**What you need to do**
Return the lines below exactly, please, from the one containing "We are an inclusive" through the last one, both included, and leave out any pictures.

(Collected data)
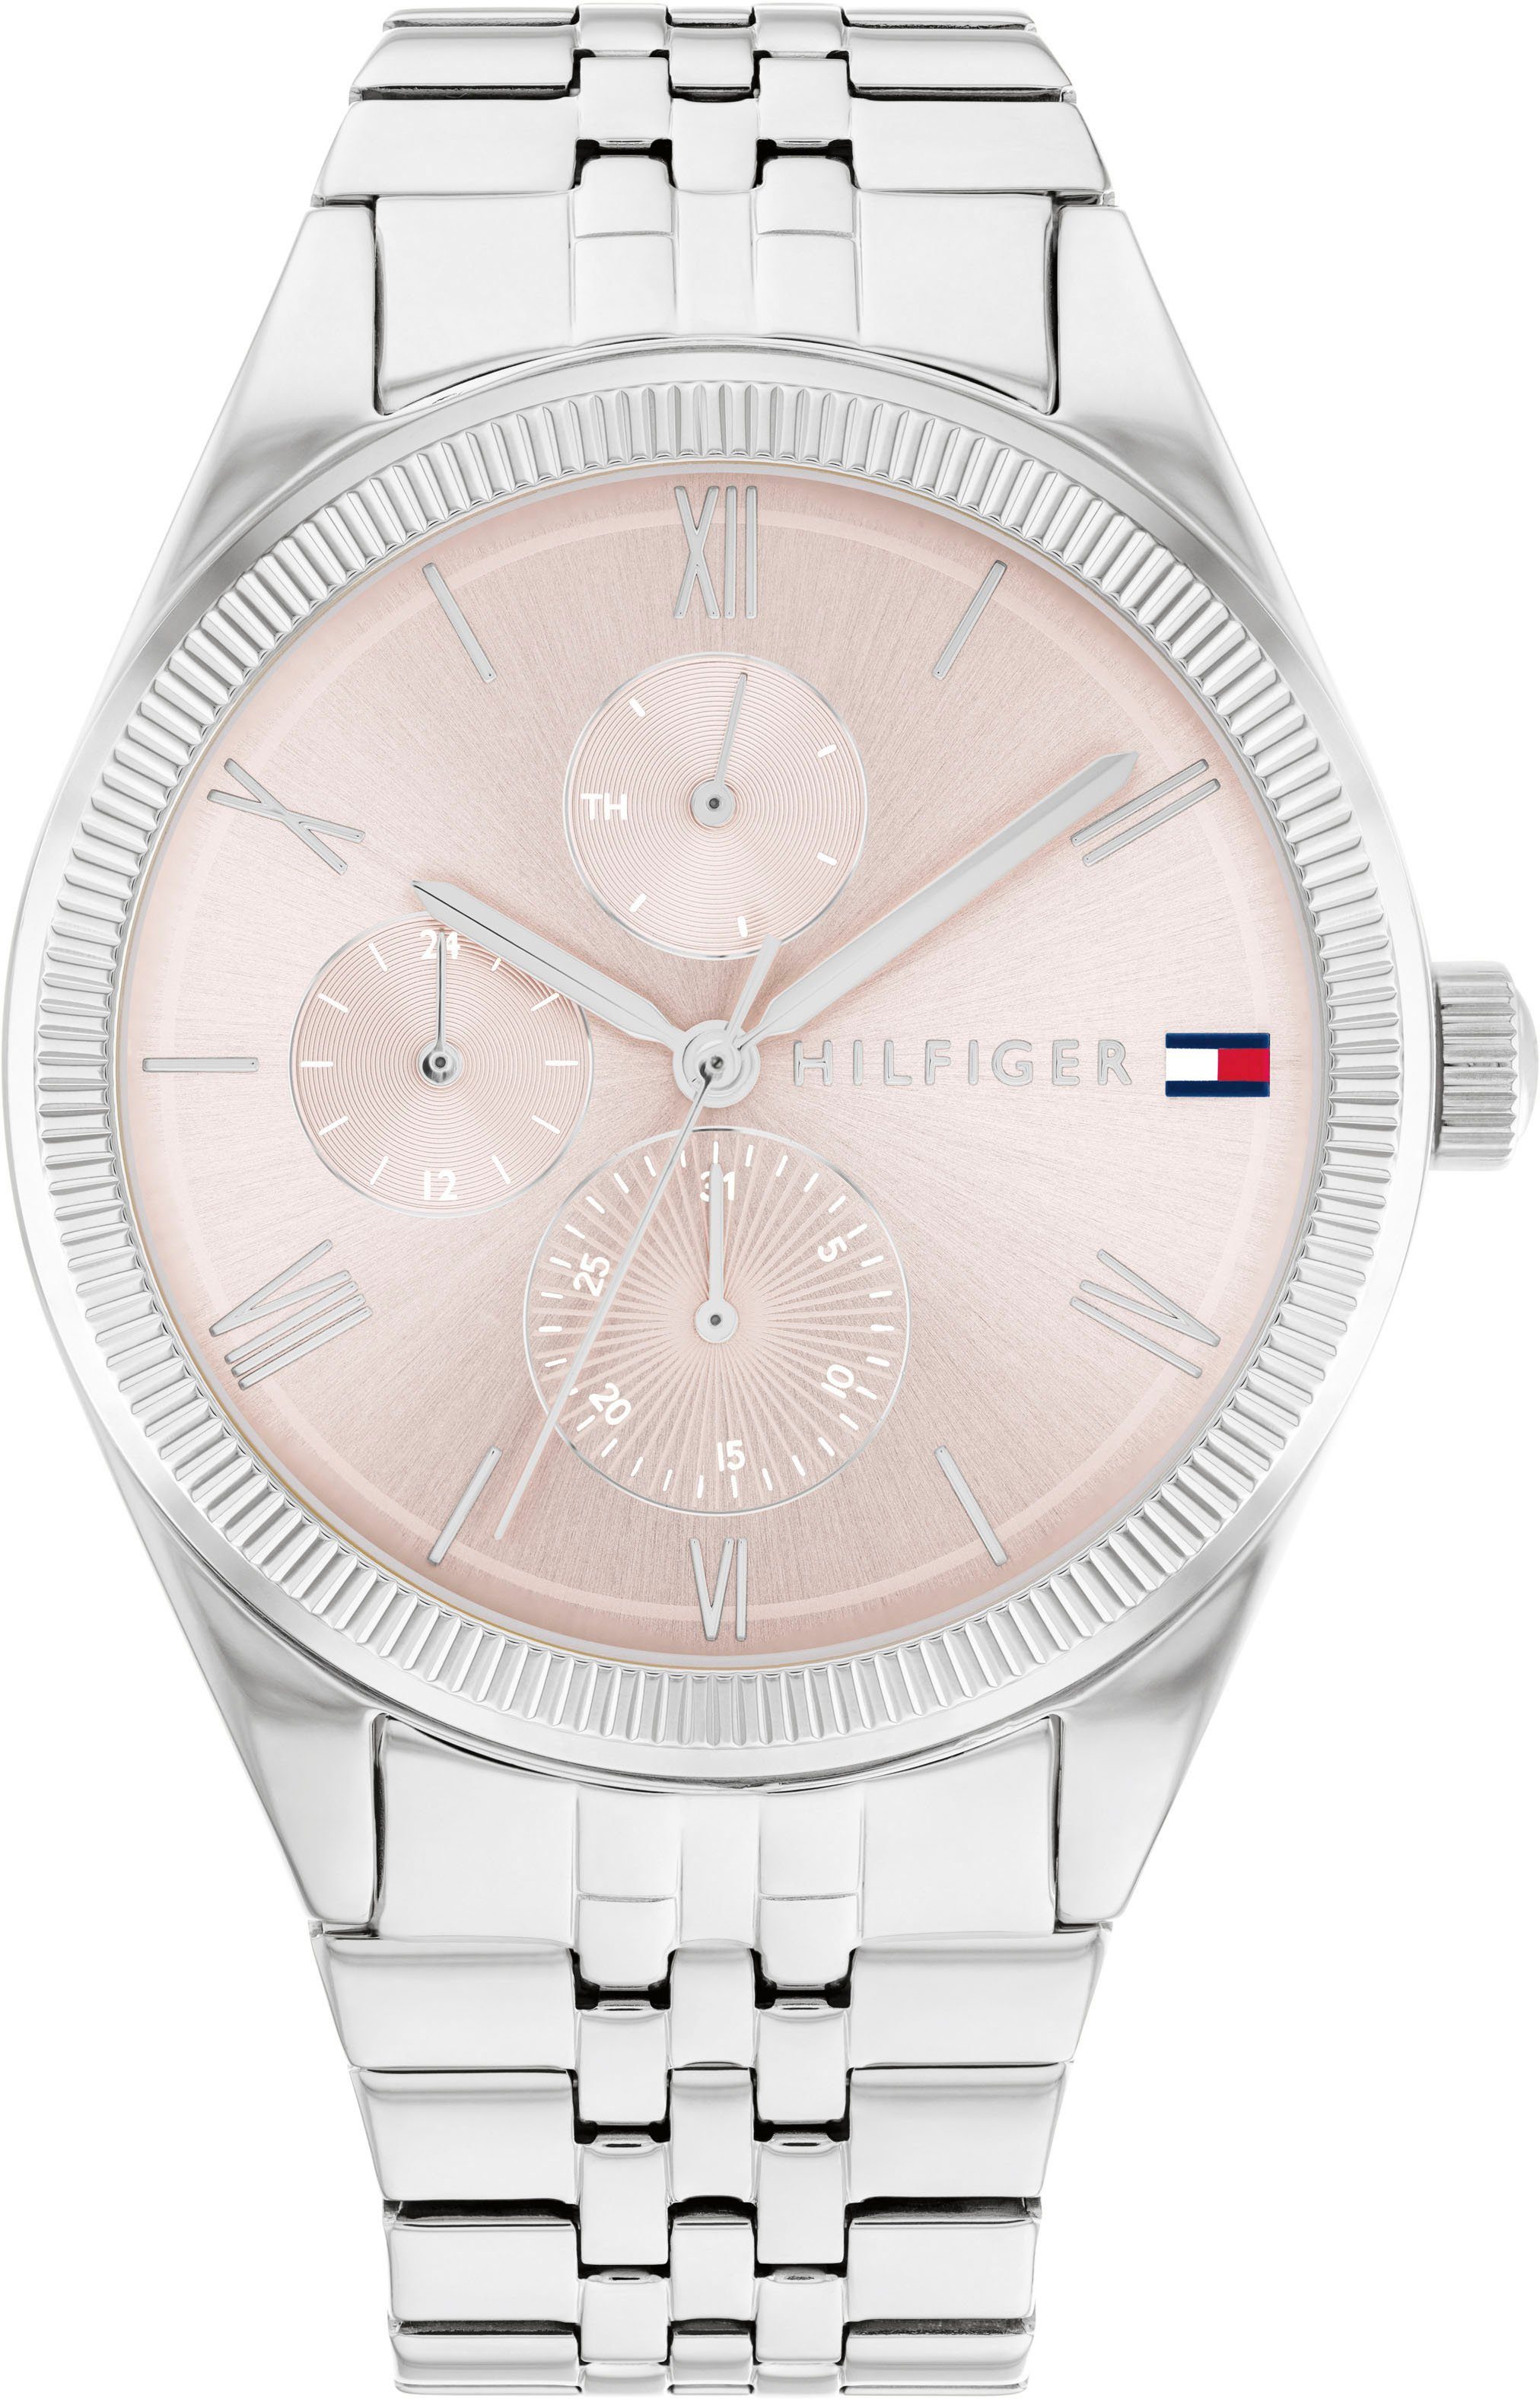 Multifunktionsuhr CLASSIC, Hilfiger Tommy 1782590
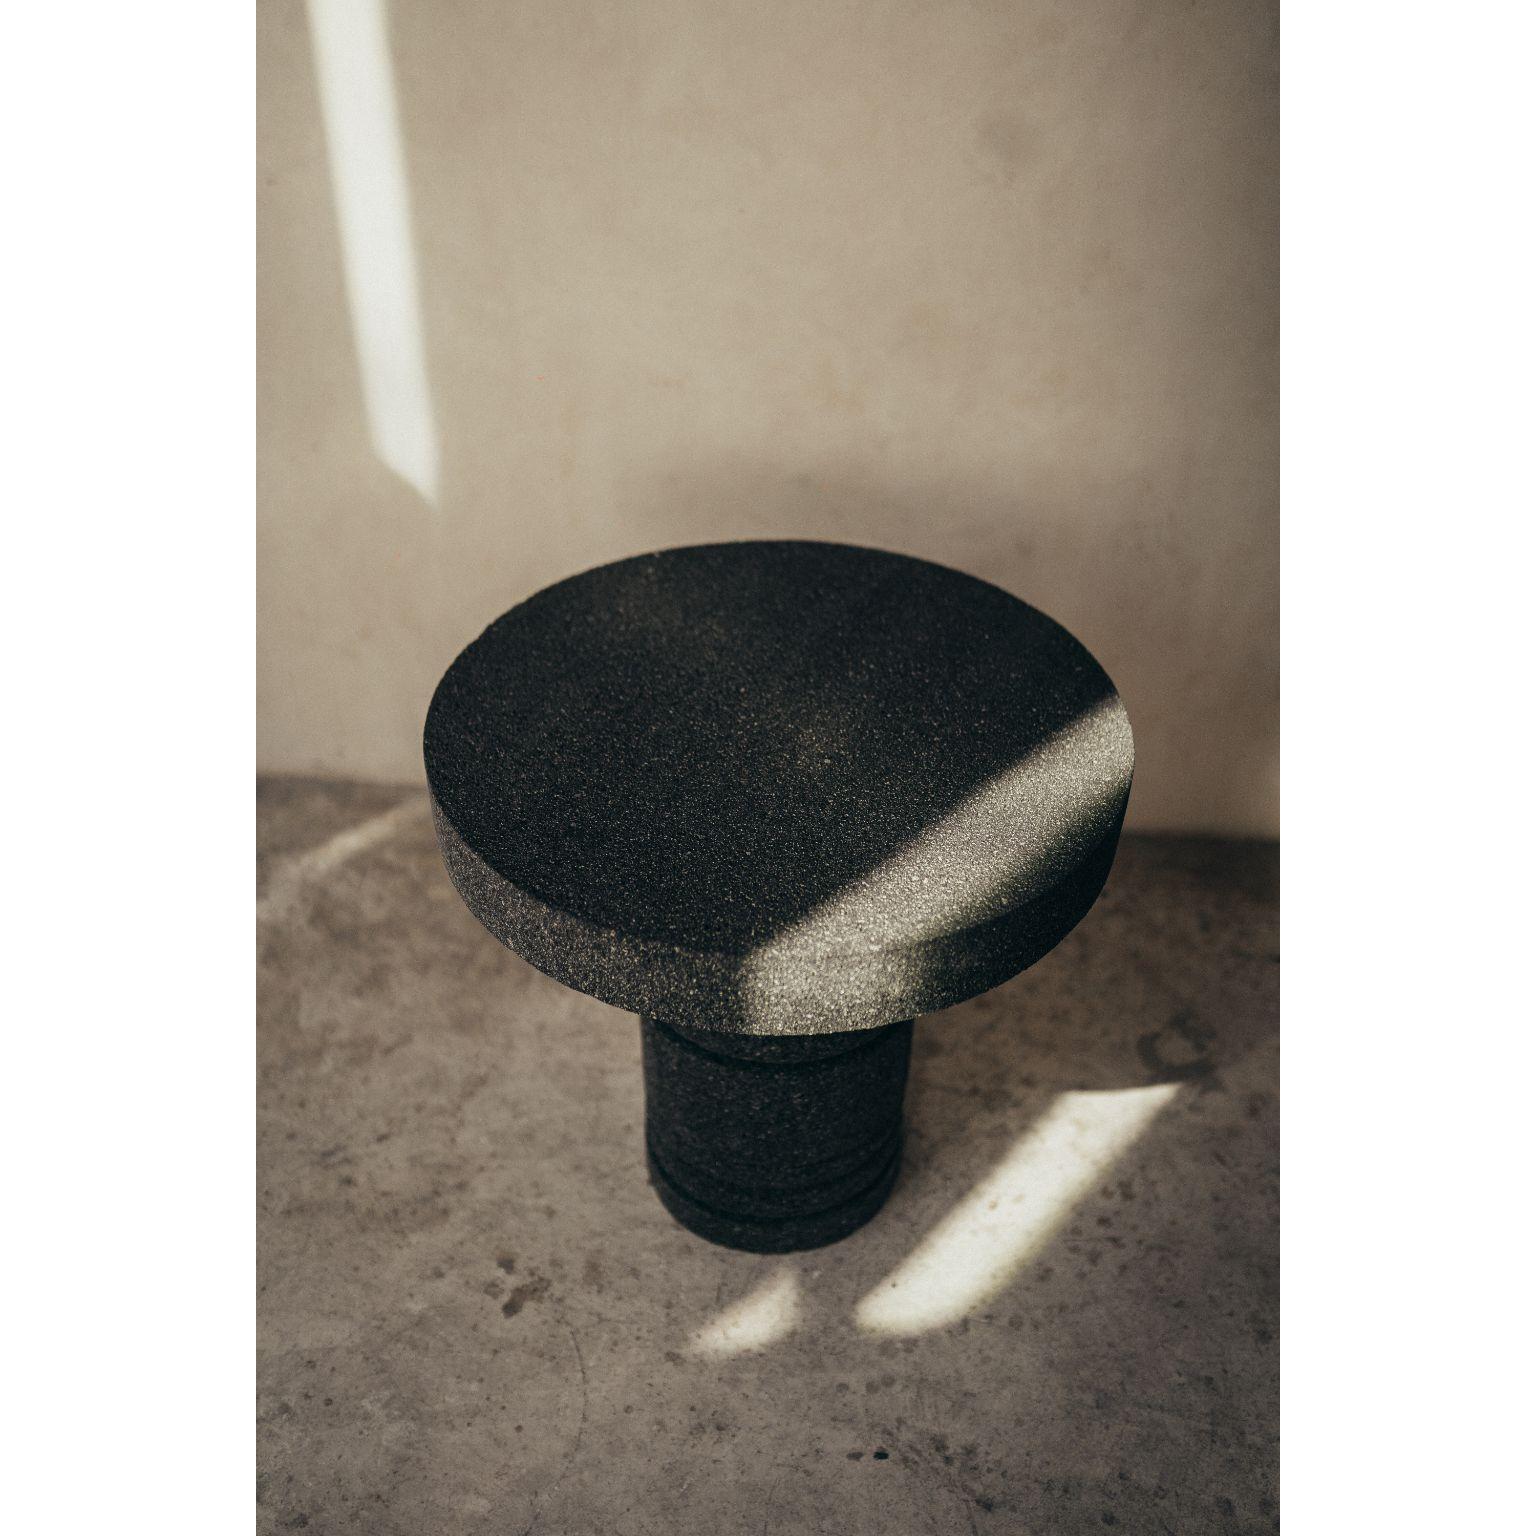 Volcanic Stone Totem by Daniel Orozco
Dimensions: D60 x H60 cm
Materials: Volcanic Stone

Daniel Orozco Estudio
We are an inclusive interior design estudio, who love to work with fabrics and natural textiles in makes our spaces sophisticated
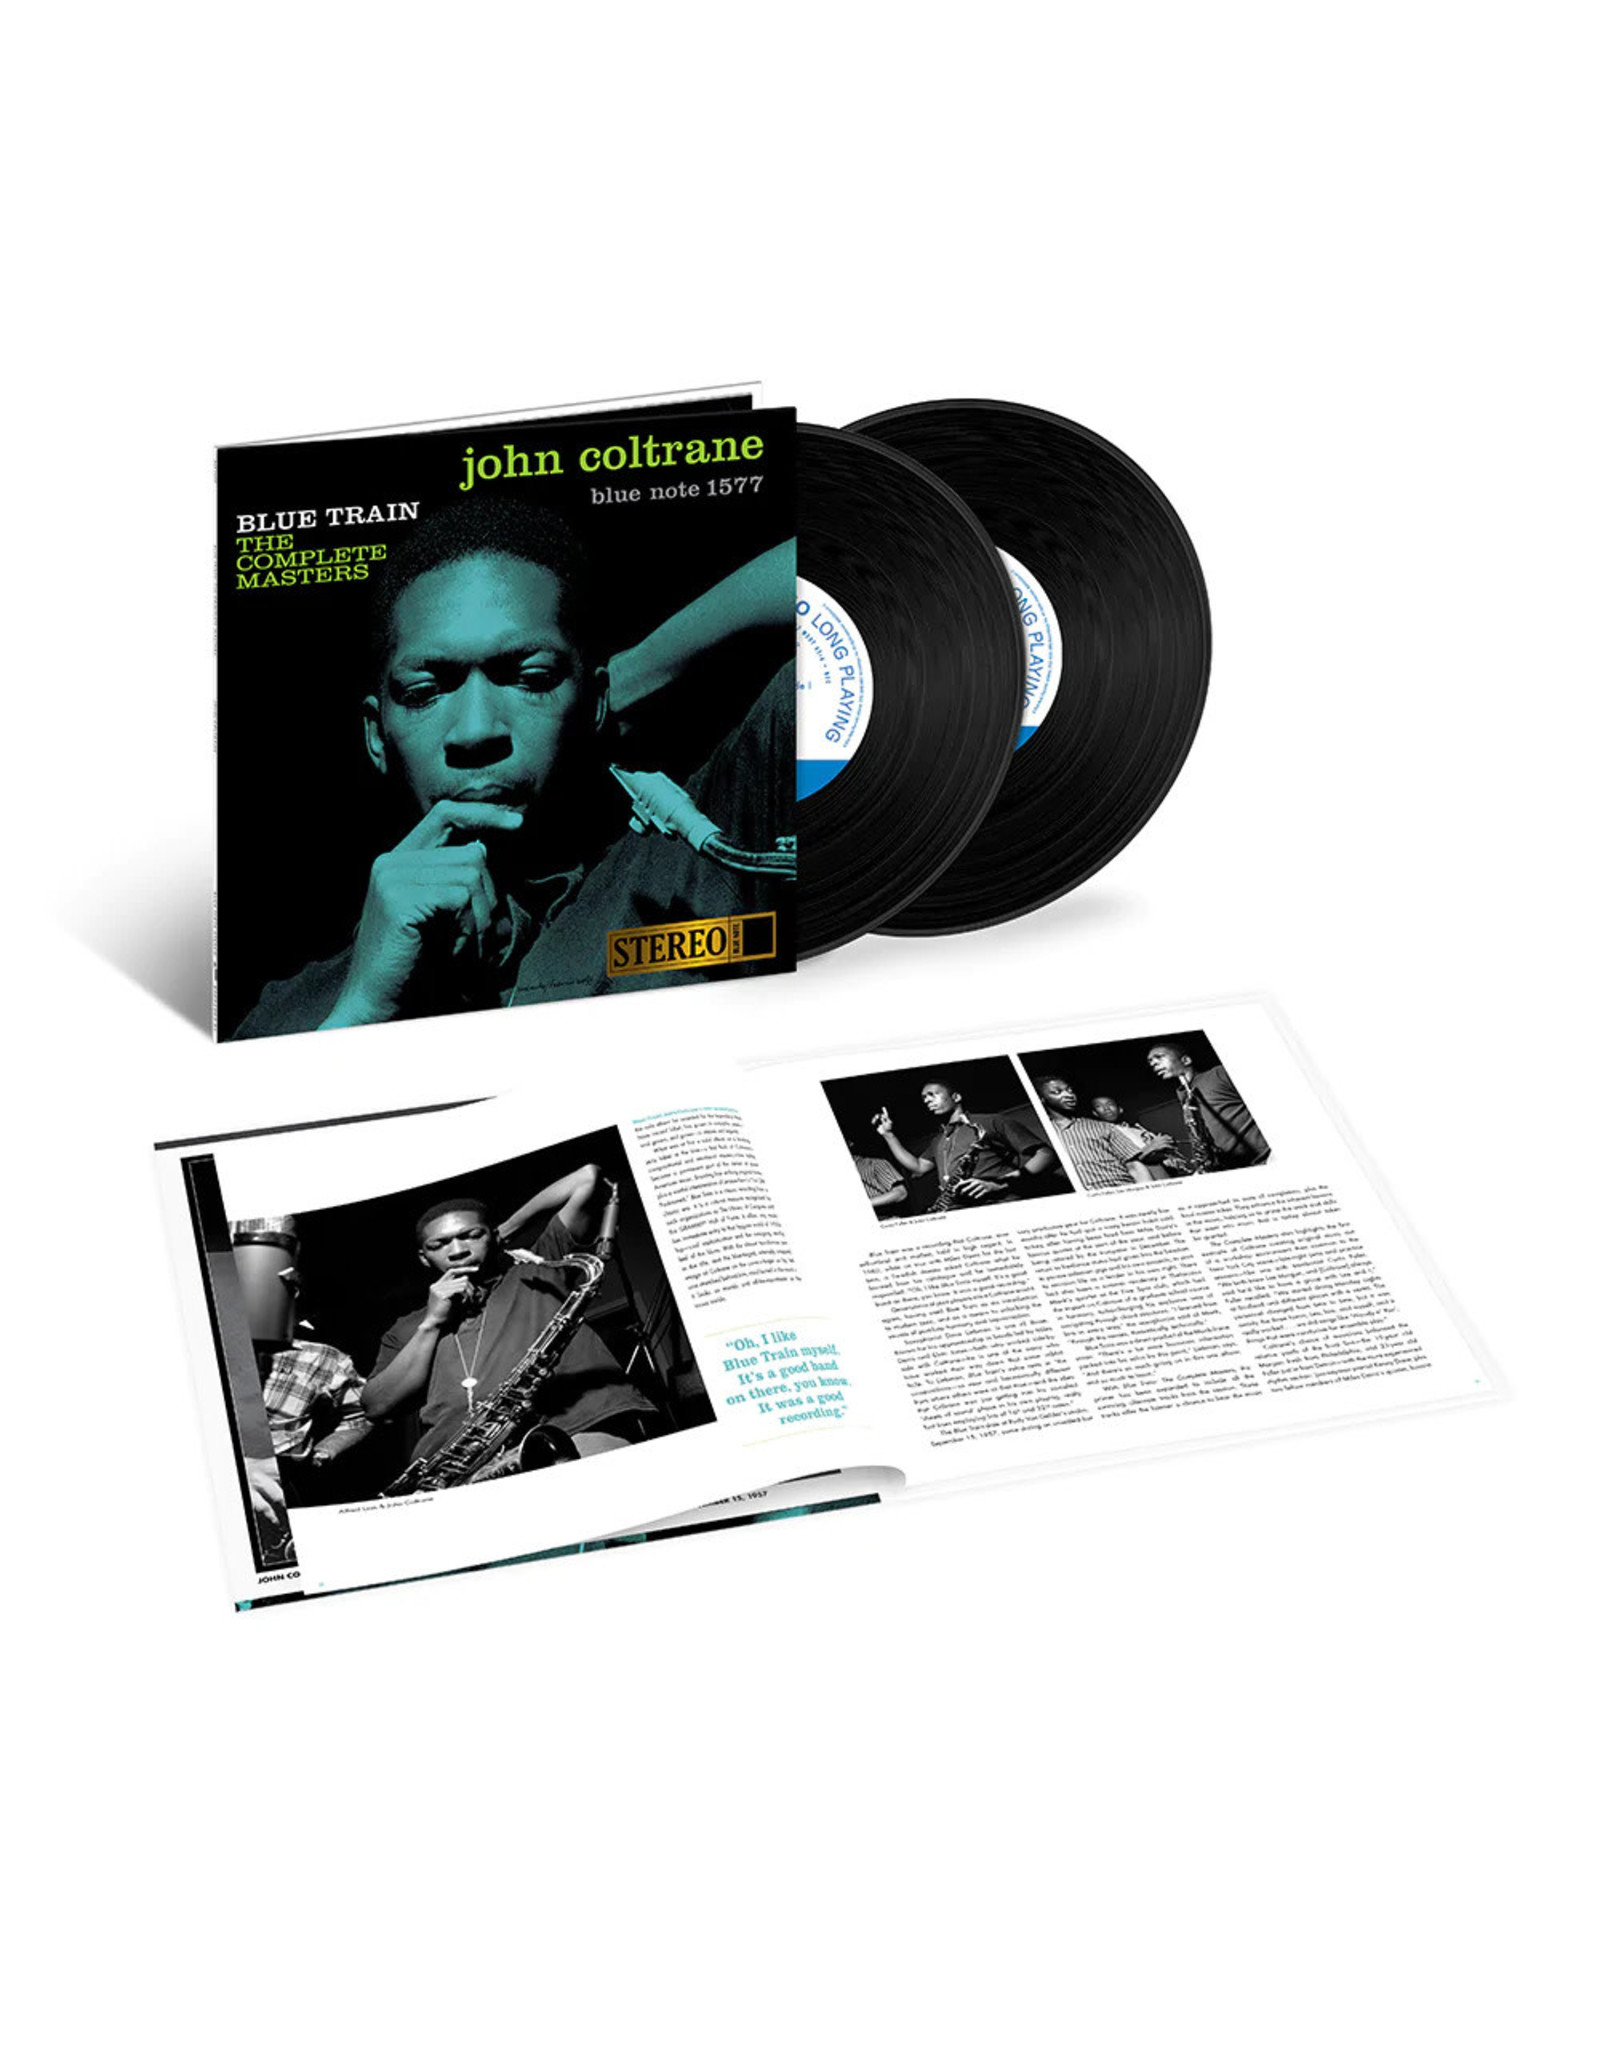 Blue Note Coltrane, John: Blue Train - The Complete Masters - Stereo (Blue Note Tone Poet) LP

**Response to the exercise**
We are an inclusive interior design estudio, who love to work with fabrics and natural textiles in makes our spaces sophisticated
 Blue Note Coltrane, John: Blue Train - The Complete Masters - Stereo (Blue Note Tone Poet) LP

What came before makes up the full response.